# Provided information
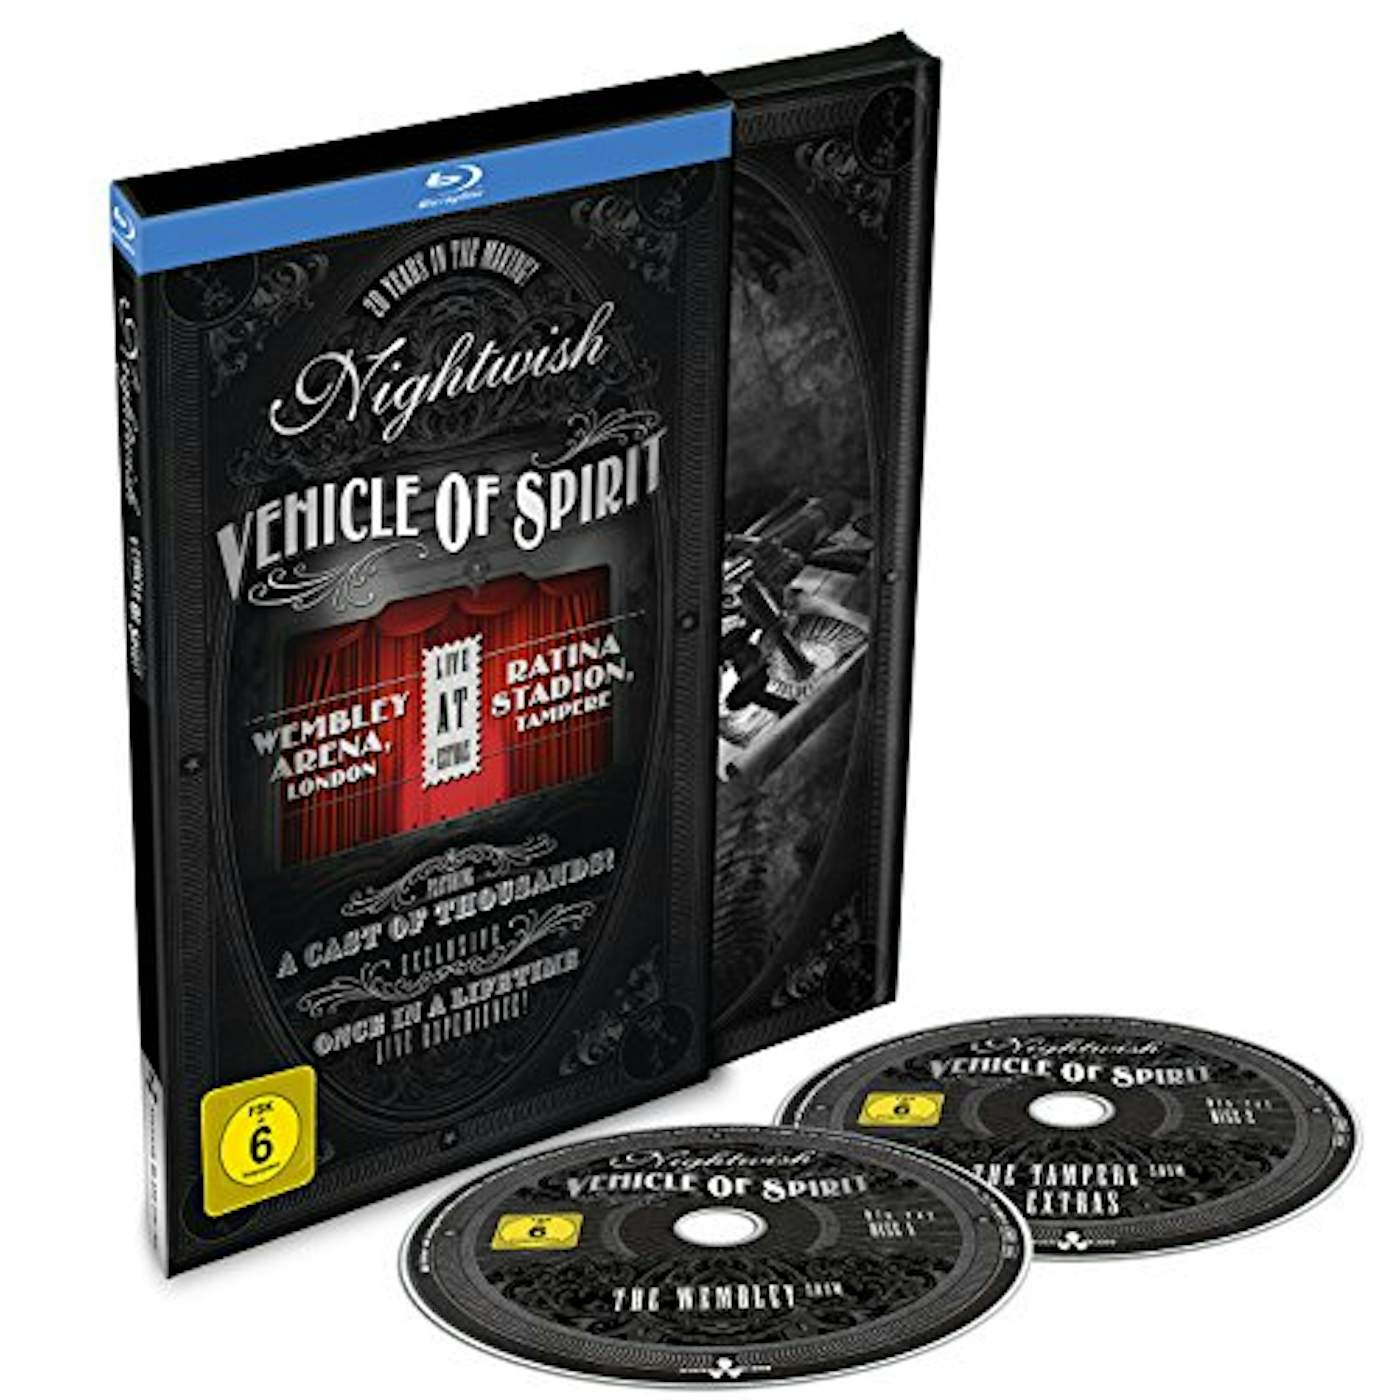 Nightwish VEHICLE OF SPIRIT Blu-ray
--
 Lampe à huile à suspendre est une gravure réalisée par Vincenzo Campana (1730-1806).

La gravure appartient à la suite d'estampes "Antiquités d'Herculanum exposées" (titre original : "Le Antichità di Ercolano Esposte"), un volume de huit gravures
---
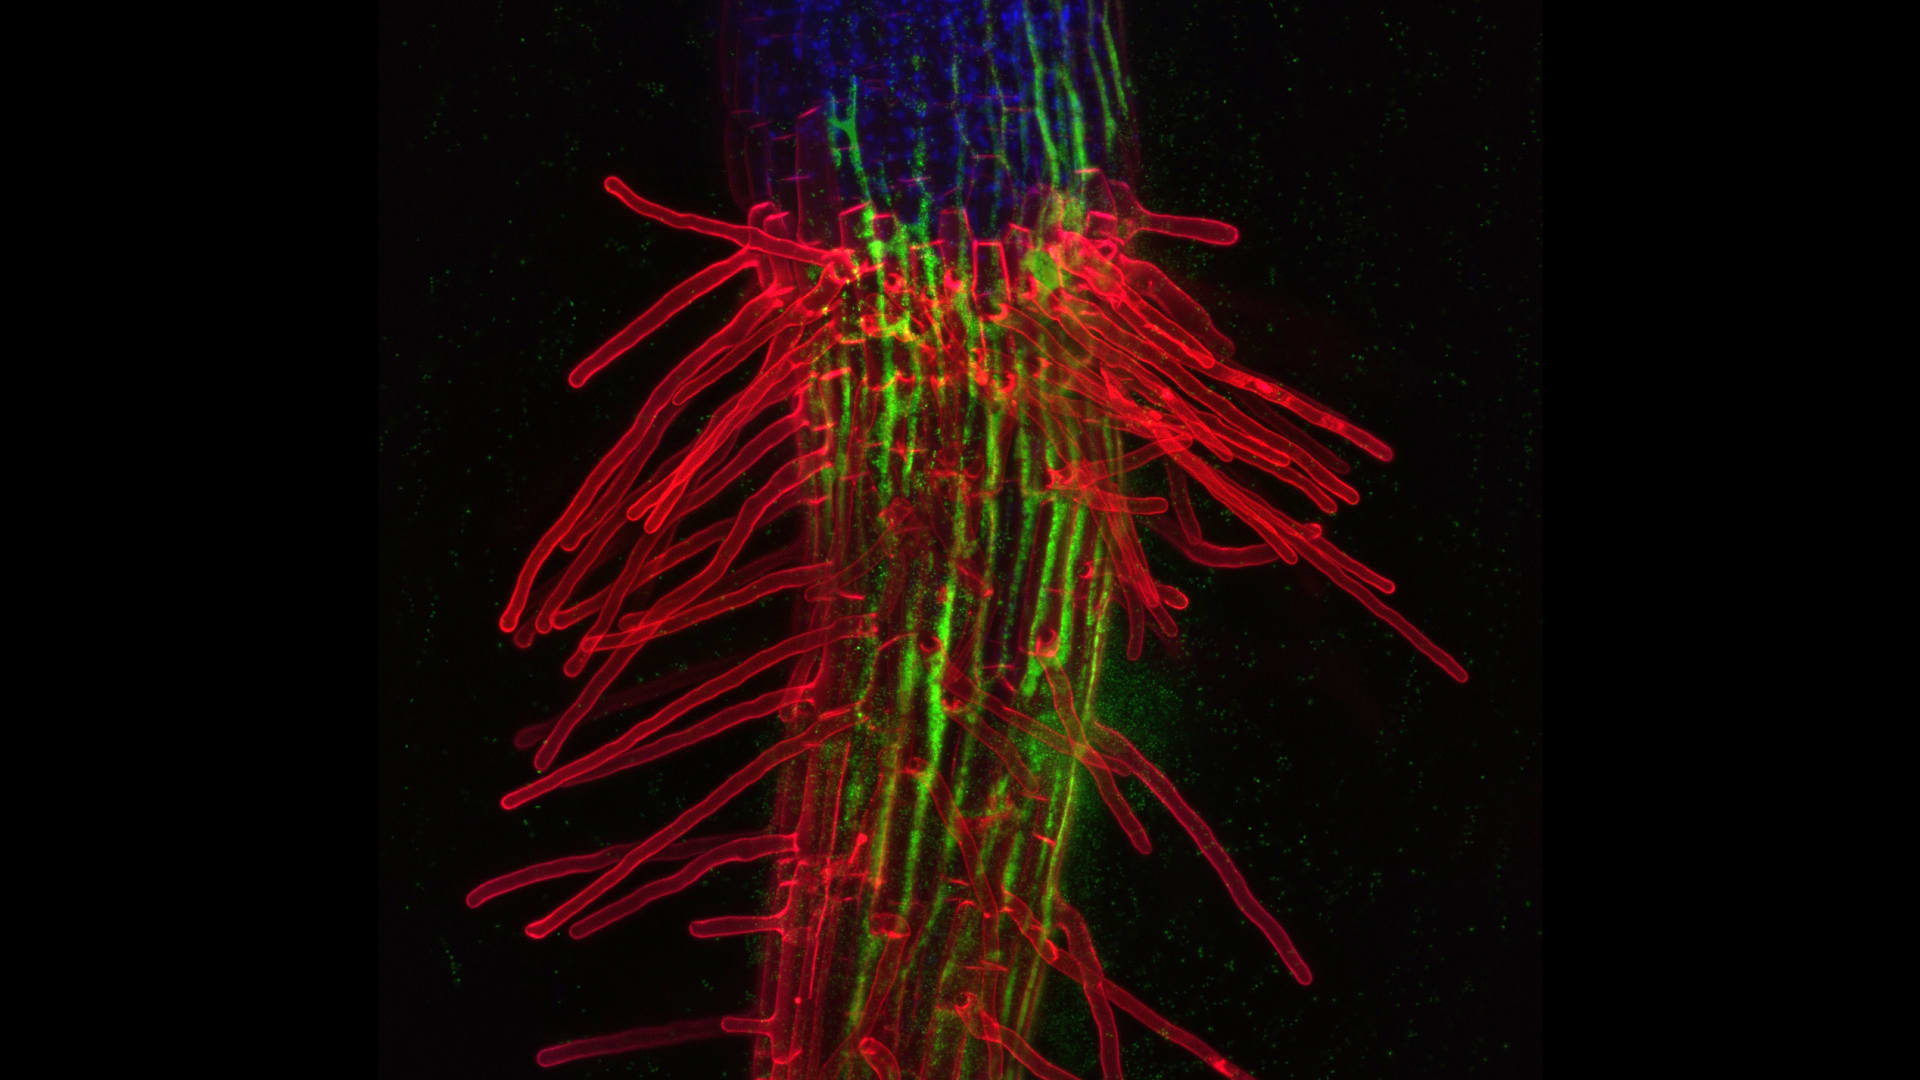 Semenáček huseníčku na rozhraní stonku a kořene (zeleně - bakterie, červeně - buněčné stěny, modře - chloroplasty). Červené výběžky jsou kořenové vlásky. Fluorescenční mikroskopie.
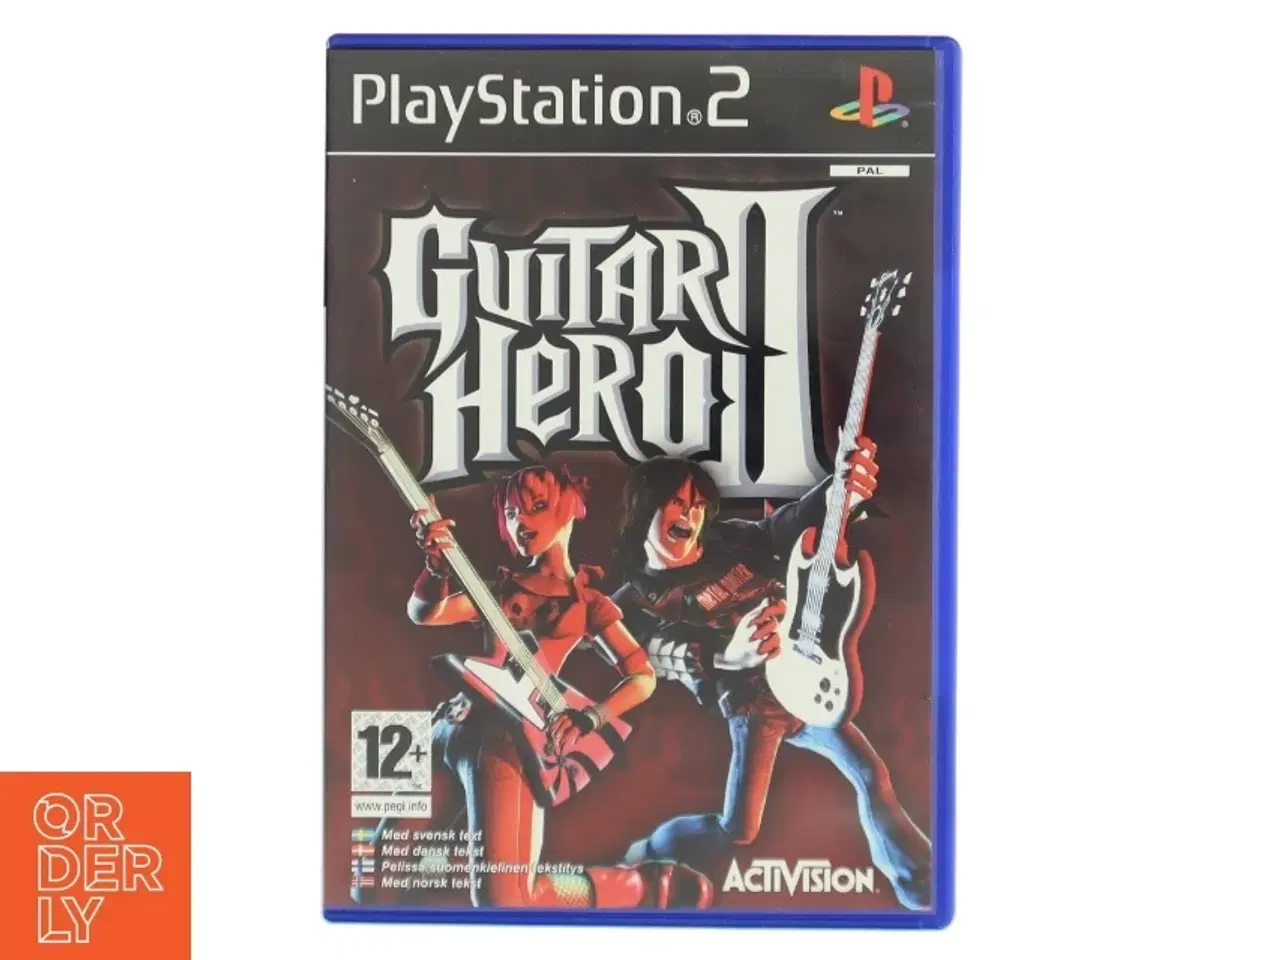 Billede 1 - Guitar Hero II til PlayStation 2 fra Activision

# Task to carry out
Beginning with the line holding "Lampe à huile" and ending with the line holding "La gravure appartient", write out the stretch of material above exactly; add no further lines.

# Answer to this exercise
 Lampe à huile à suspendre est une gravure réalisée par Vincenzo Campana (1730-1806).

La gravure appartient à la suite d'estampes "Antiquités d'Herculanum exposées" (titre original : "Le Antichità di Ercolano Esposte"), un volume de huit gravures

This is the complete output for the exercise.